Secondo Šešelj, il giudice andava allontanato dal processo per la sua presunta “parzialità”.

Una lettera incendiaria

Frederik Harhoff è il giudice che, il 6 giugno scorso, ha scritto una lettera che accusava il presidente del Tribunale dell’Aja, Theodor Meron, di aver esercitato indebite pressioni sui giudici per ottenere delle assoluzioni in alcuni dei più controversi giudizi emanati recentemente dall’Aja (Gotovina e Markac, Stanišić e Simatović, Perišić).

Meron, che è un cittadino statunitense, avrebbe agito su indicazione del proprio governo per evitare si stabilissero nel diritto penale internazionale dei pericolosi precedenti in materia di responsabilità di comando, precedenti che avrebbero poi potuto essere utilizzati in altri contesti geografici e militari contro gli Stati Uniti.

La lettera di Harhoff, inviata a 56 suoi colleghi, era filtrata ad un quotidiano danese che l’aveva resa pubblica.

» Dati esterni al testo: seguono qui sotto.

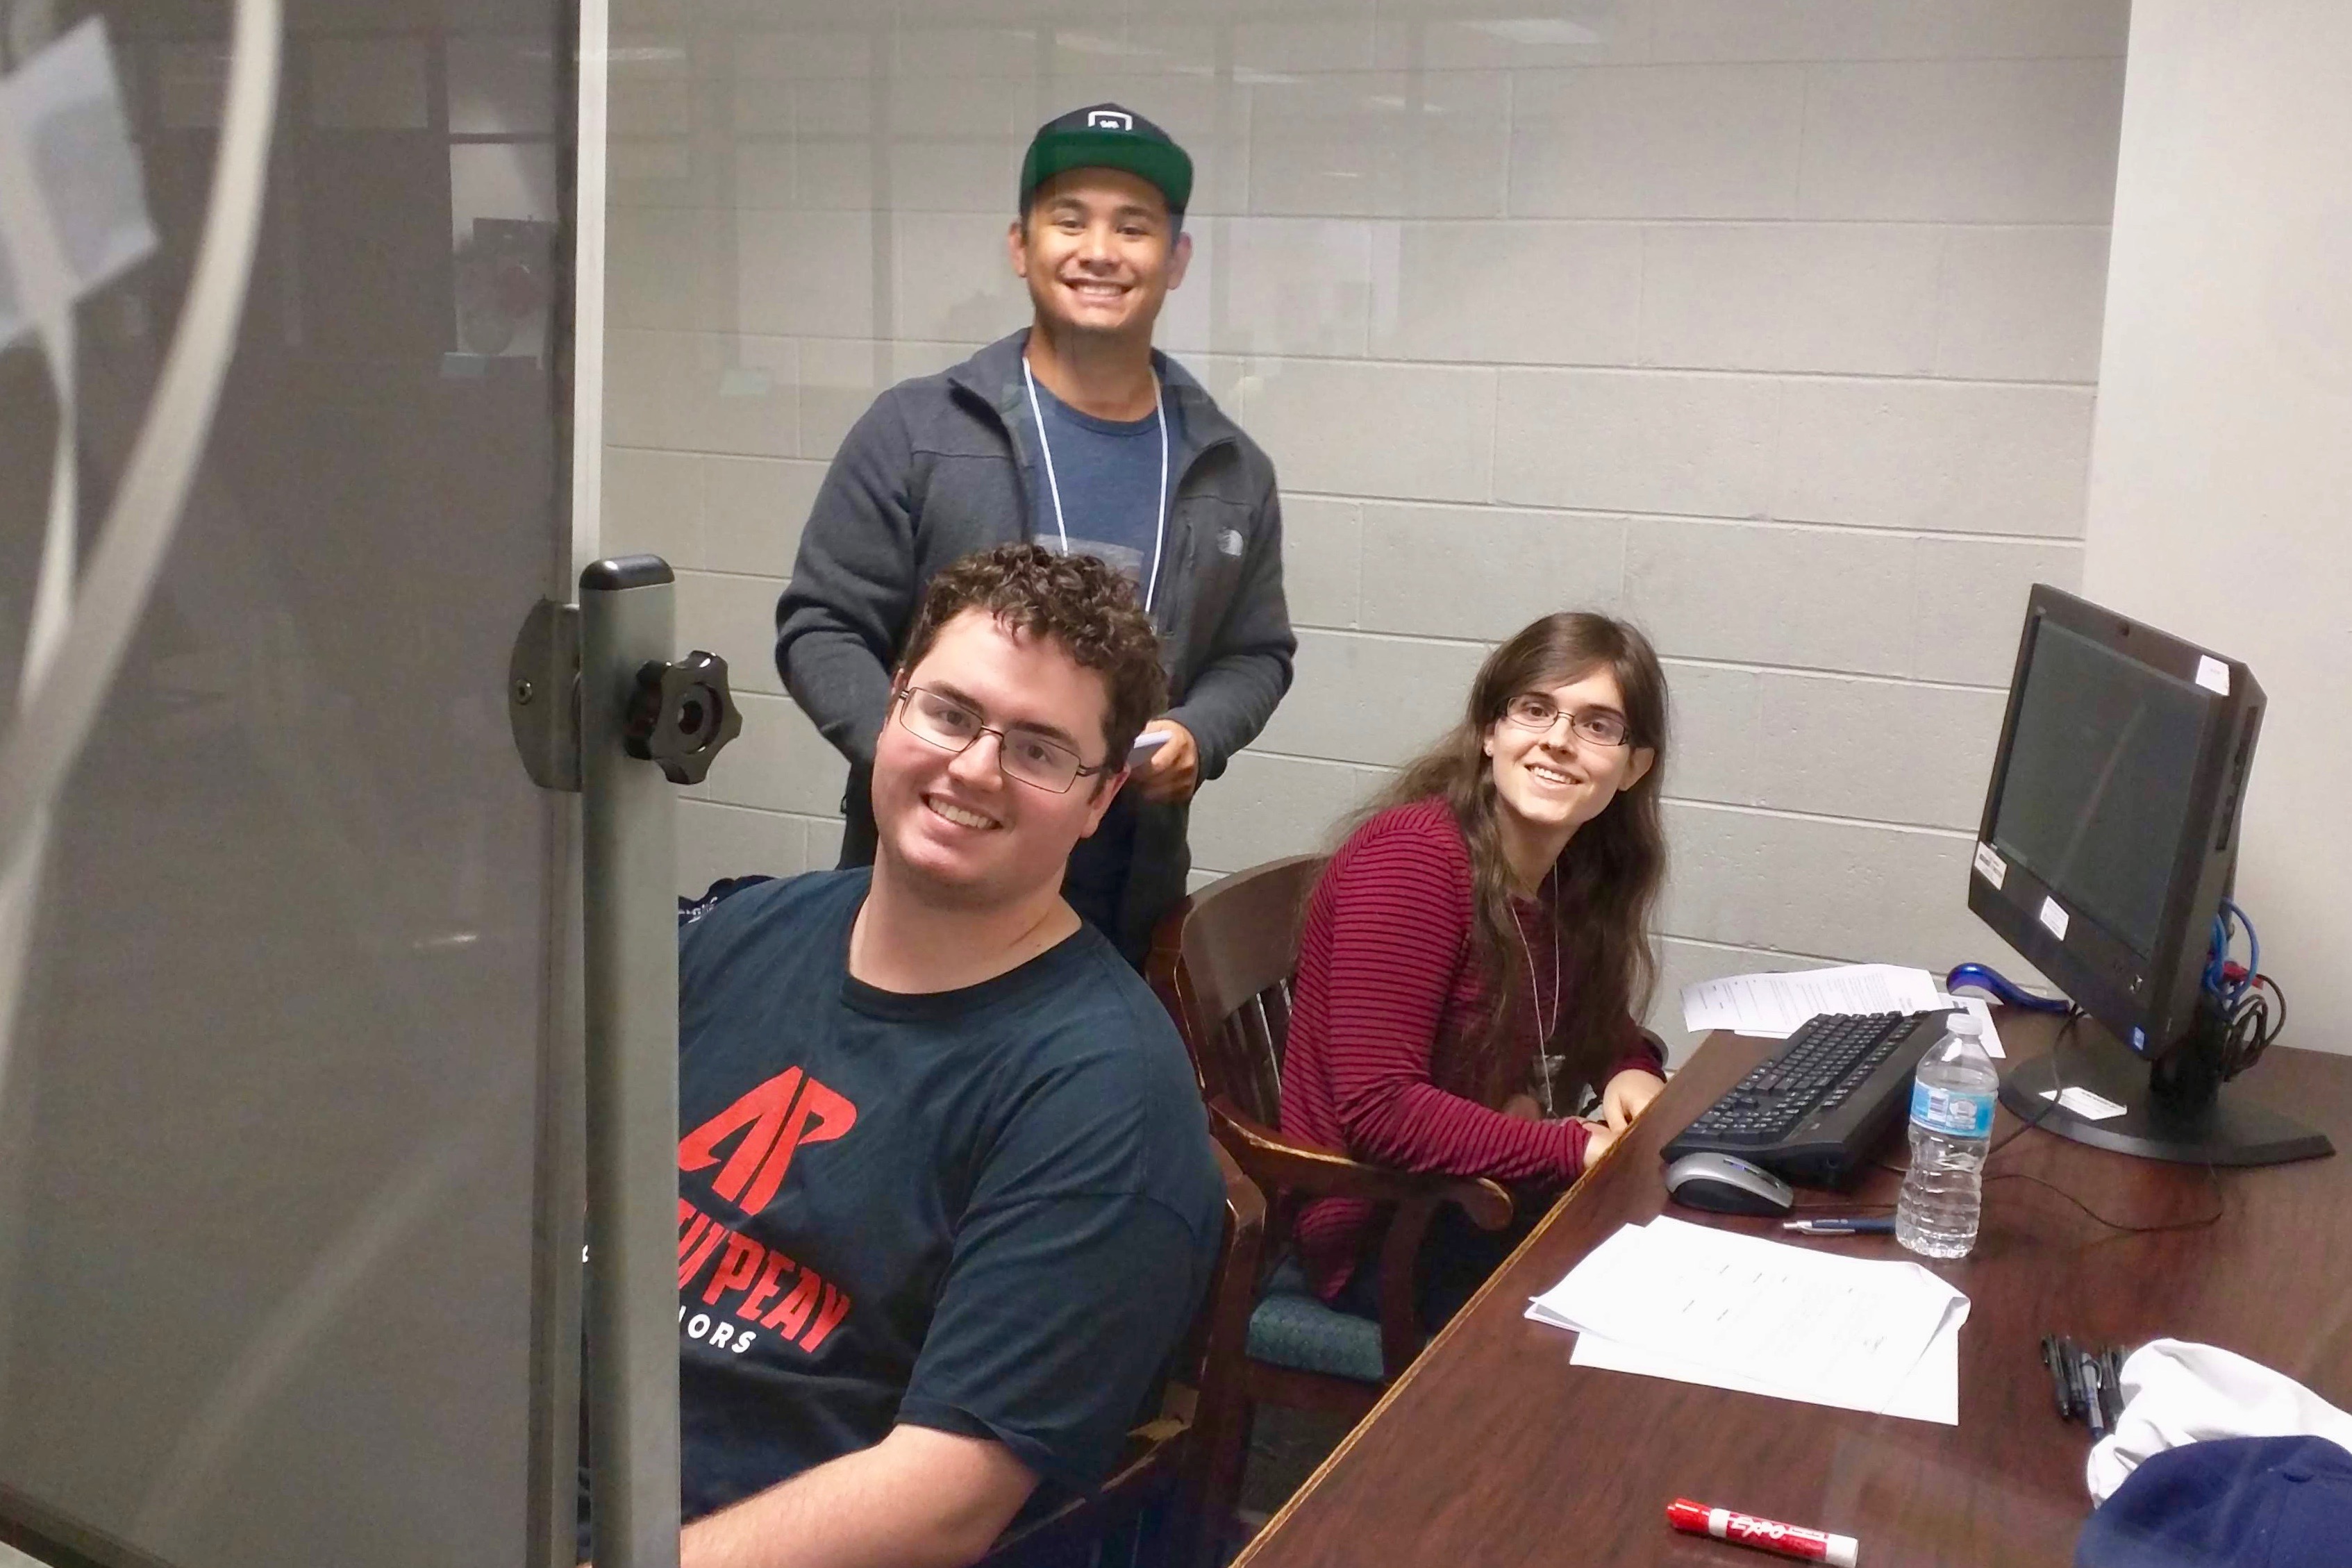 Harrison Welch, front, Chris Tuncap and Lexie Nance were members of Austin Peay team “null” at the University of Tennessee at Martin site of the International Collegiate Programming Contest. The team finished second at the site. - photo by Dr. James Church, APSU

Nel silenzio generale da parte delle istituzioni sulle accuse fatte da Harhoff, Šešelj è riuscito a provare con successo la “parzialità a favore della condanna” dimostrata dal giudice.

Il collegio ristretto chiamato a decidere sull’istanza presentata da Šešelj ha infatti deliberato in tal senso, stabilendo che “nella lettera [pubblicata dalla stampa danese], il giudice Harhoff ha mostrato parzialità […]”

Uno scenario imbarazzante

In base alle procedure del Tribunale, se un giudice viene revocato sulla base di accuse di parzialità, il presidente della Corte assegnerà al caso un altro giudice.

Secondo alcuni giuristi, tuttavia, la ricusazione del giudice dovrebbe portare all’annullamento del processo e alla liberazione dell’imputato.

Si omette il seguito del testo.